The following concepts will be explored in the subsequent sections of this article.

Cloud security Cloud security encompasses all tools, processes, and governance frameworks responsible for the security of a cloud ecosystem.
How cloud security differs from on-premises security Cloud security places a heavy emphasis on speed, automation, and the balancing of responsibilities shared between the provider and customer.
Cloud security tools  These tools are applications and services used to secure cloud environments and mitigate risks like compliance issues, data leakage, and misconfiguration. They include security posture management tools, threat detection systems, cloud access security brokers (CASBs), workload protection platforms, and cloud inventory management products.
Avoiding pitfalls in implementing cloud security It’s important to beware of making mistakes such as using on-premises tooling on the cloud, trying to save money in ways that are not effective, not getting full visibility, trying to make the tool a “silver bullet,” or generating too many findings.
The future of cloud security tools Cloud security tools continue to evolve. To ensure future success, cloud resources must be governed and optimized from both a performance and cost perspective.

How cloud security differs from on-premises security

Before we look at cloud security tools and how they can mitigate risks in cloud computing, let us look at a few ways that cloud security differs from on-premises security:

  • Speed: Due to the nature of the cloud, security controls can operate much faster than on-premises. The cloud exposes most of its services via APIs, enabling the quicker implementation of security controls. Native and commercial cloud security tools can simply “plug in” and start giving immediate environment visibility to cybersecurity teams.
  • Automation: Another benefit of cloud security environments is the level of automation they can bring.
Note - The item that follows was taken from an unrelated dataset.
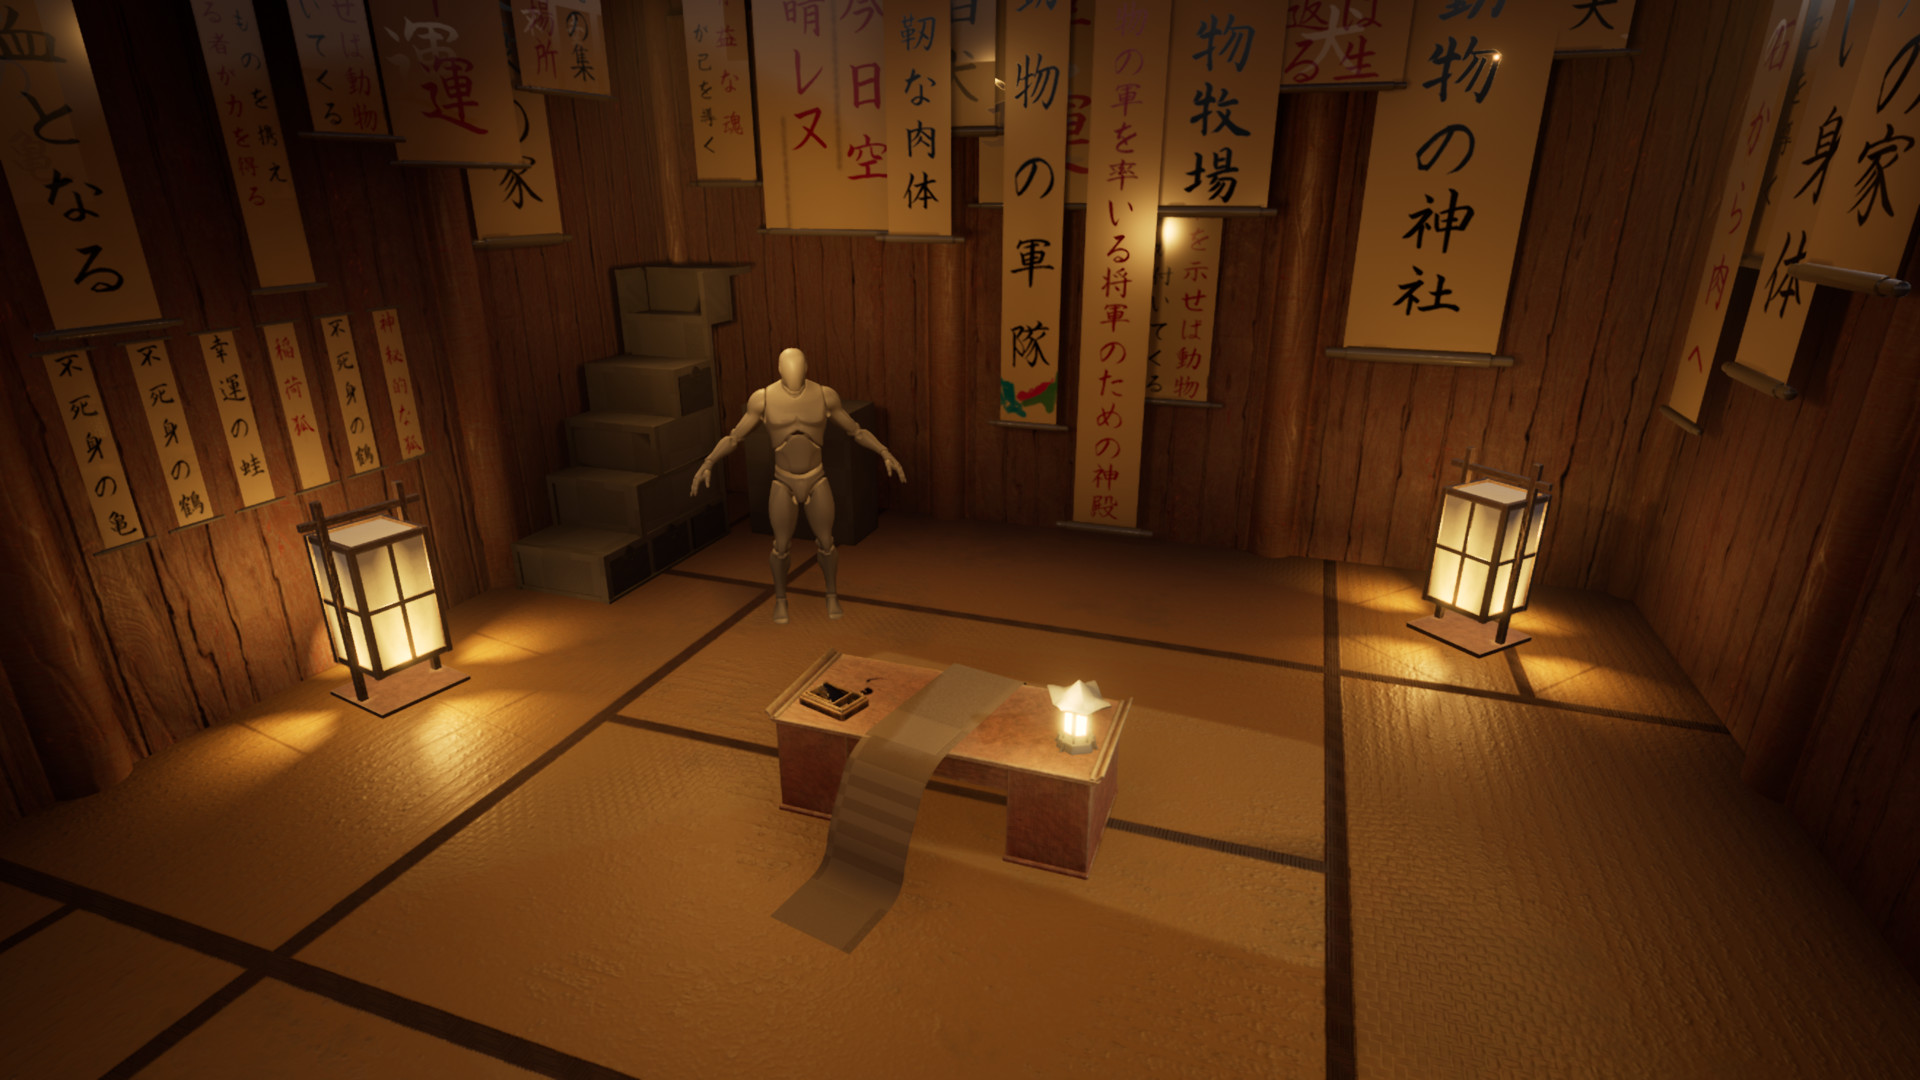 Interior screenshot of the calligraphers hut. The walls are now textured and make the fortune writing scrolls hanging on the walls pop out. The floor has a texture too. There are square lamp props throwing yellow lights in all directions. In the middle is the writing desk.

Security issues can be auto-remediated, and incident responses can be automated as well, significantly reducing the time between detection and remediation.
  • Shared responsibility: The cloud operates on a shared responsibility model in which the cloud provider and the customer share responsibility for securing the environment. The cloud provider is responsible for securing the underlying infrastructure while the customer has to ensure that cloud services and workloads are configured securely. The level of responsibility of the cloud provider depends on what cloud model is being used. For example, in a fully managed model, the cloud provider will handle everything, including operating system, platform, and network security, while the customer will need to ensure the security of the code that is written.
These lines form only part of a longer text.